Salutary reminder: On Consumer Price Index

Policymakers must focus on maintaining price stability given the volatile food and fuel costs

Updated - March 20, 2021 02:11 am IST

Published - March 15, 2021 12:02 am IST

With just over two weeks left to the March 31 deadline for the government and RBI to complete the quinquennial review of the current inflation target under the monetary policy framework, the latest Consumer Price Index (CPI) reading provides a salutary reminder for policymakers to maintain a ceaseless vigil over price stability. Retail inflation, measured by the CPI , accelerated to a three-month high of 5.03% in February, data released by the National Statistical Office on Friday showed. The jump of almost 100 basis points from January’s 4.06%, while partly attributable to a base effect given that price gains had relatively eased in February 2020, is a clear signal that food and fuel costs continue to pose a threat to broader price stability in the economy. Specifically, the RBI’s early February prognostication of continuing pressures in the prices of pulses and edible oils has been borne out by the last two months’ CPI data. Inflation of both essential food products has persisted in the double digits during the period, and in the case of the latter, accelerated disconcertingly to 20.8% last month. Price gains with respect to two other key sources of protein, meat and fish and eggs, also remain stuck above 11%. And the deflation in vegetable costs, which had helped offset the generalised pressure in food inflation, also waned considerably in February to minus 6.7% from minus 15.8% in January. The upshot was that food and beverages as a combined category, with a weight of 54.2% in the CPI, witnessed an almost 160 basis points quickening in inflation to 4.25% last month, from January’s 2.67%.
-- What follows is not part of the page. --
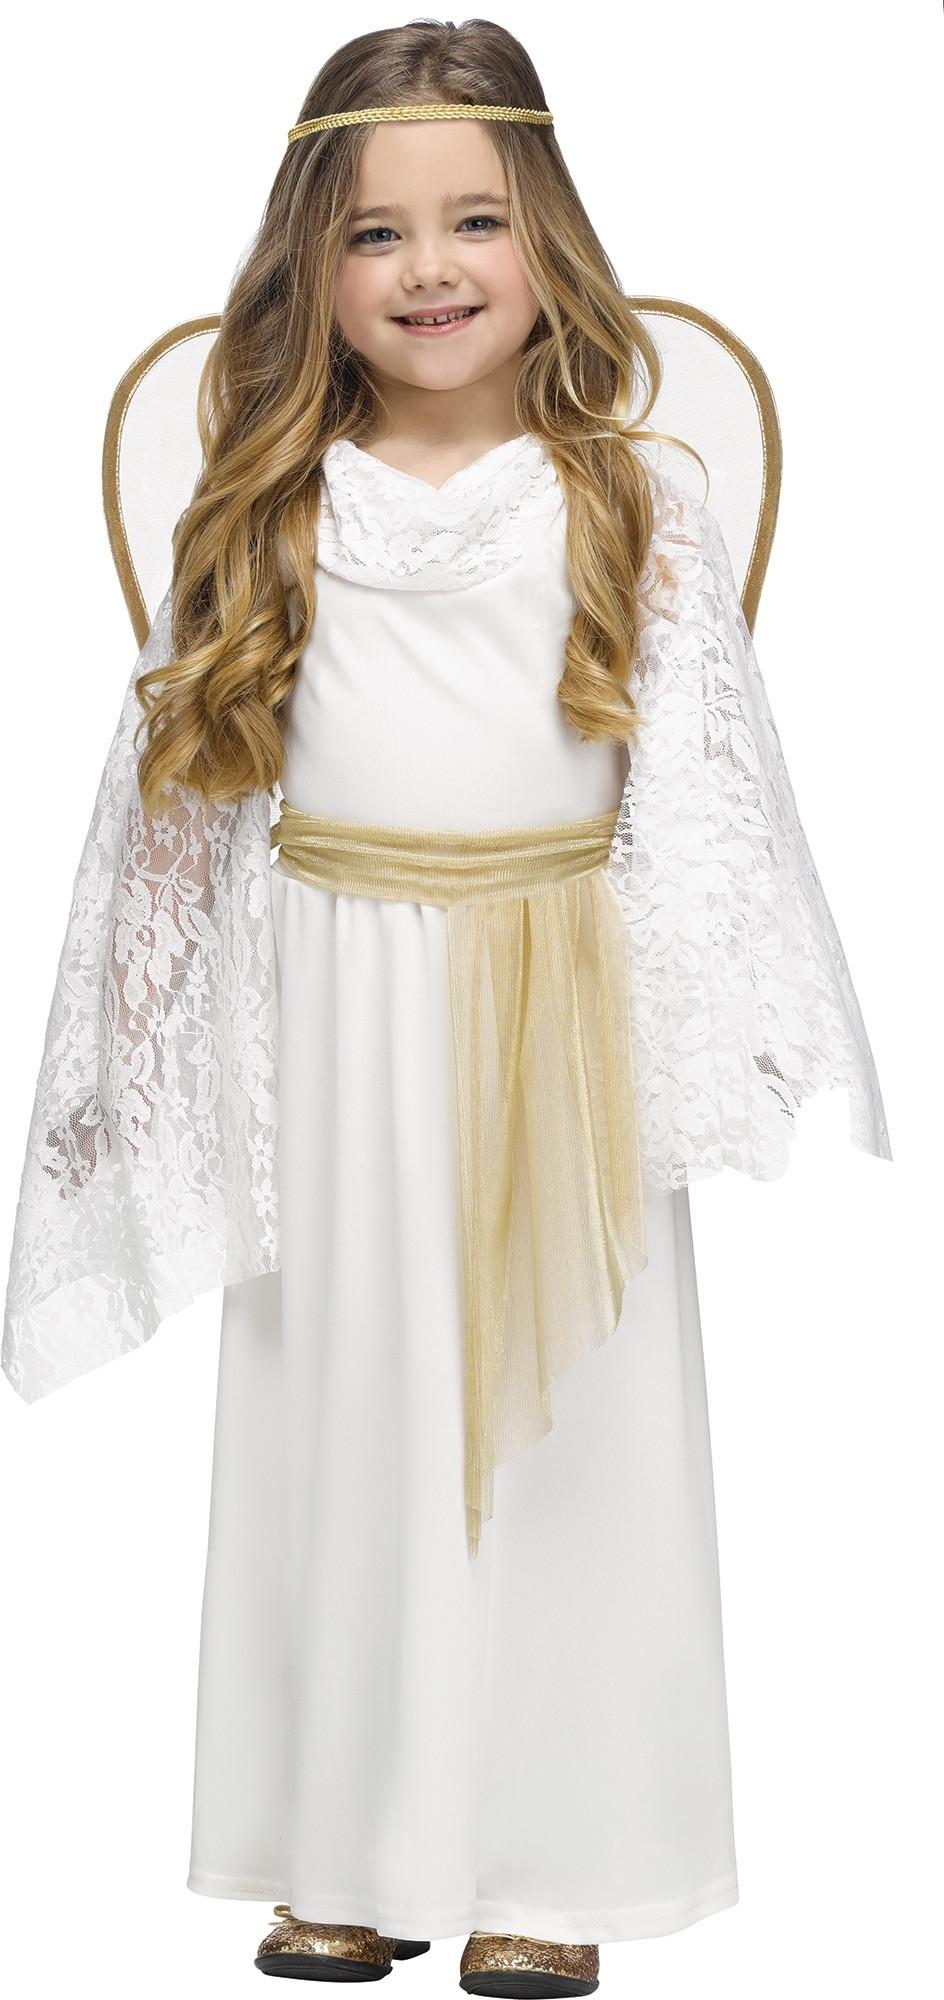 Детский костюм для малышки Ангела (22-24) детский костюм чемпиона боксера 22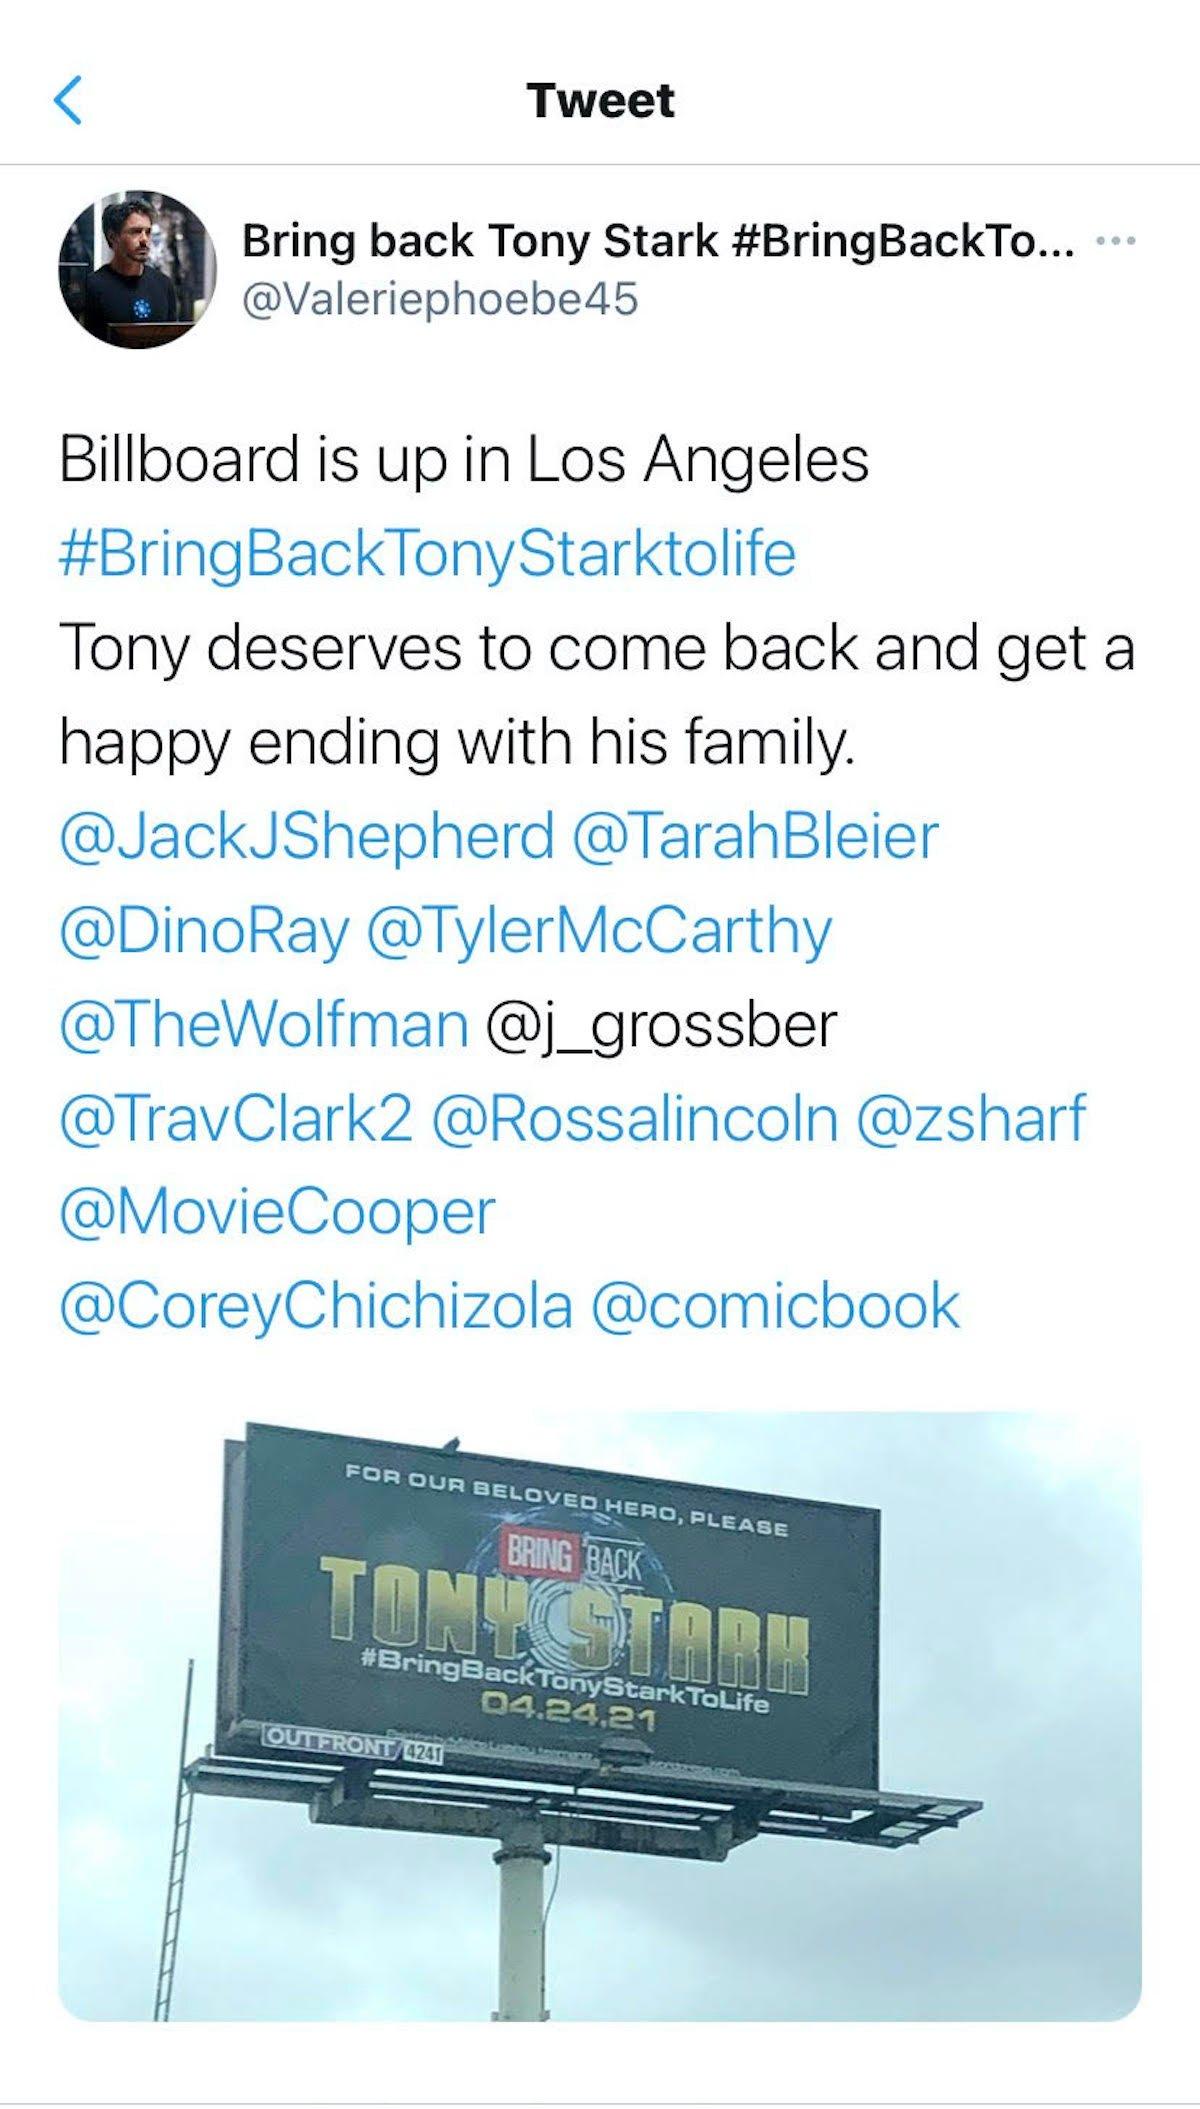 The Tony Stark billboard

Another equally worrisome source of inflationary pressure is the continuing upward trajectory in the prices of petroleum products. Transport and communication, which directly reflect these prices, saw inflation rocket by more than 200 basis points to 11.4% in February, from 9.3% the preceding month. Diesel, the main fuel for freight carriage, is now hovering around ₹85 per litre in many parts and will most certainly feed into the costs of everything requiring to be transported. Brent crude oil futures have surged by close to 40% in the three-month period through March 11 in the wake of output cuts by major oil producing nations, another worrying portent for inflation. With the RBI’s own researchers having so cogently laid out the case for persisting with the current flexible inflation targeting regime of ensuring that price gains stay within the 2% to 6% band in the central bank’s first Report on Currency and Finance in eight years, policymakers must stay laser focused on keeping price stability front and centre of their fresh framework for the next quinquennium. Any effort to dilute the focus in a purported bid to prioritise growth, risks putting the economy on a perilous path that may secure neither objective.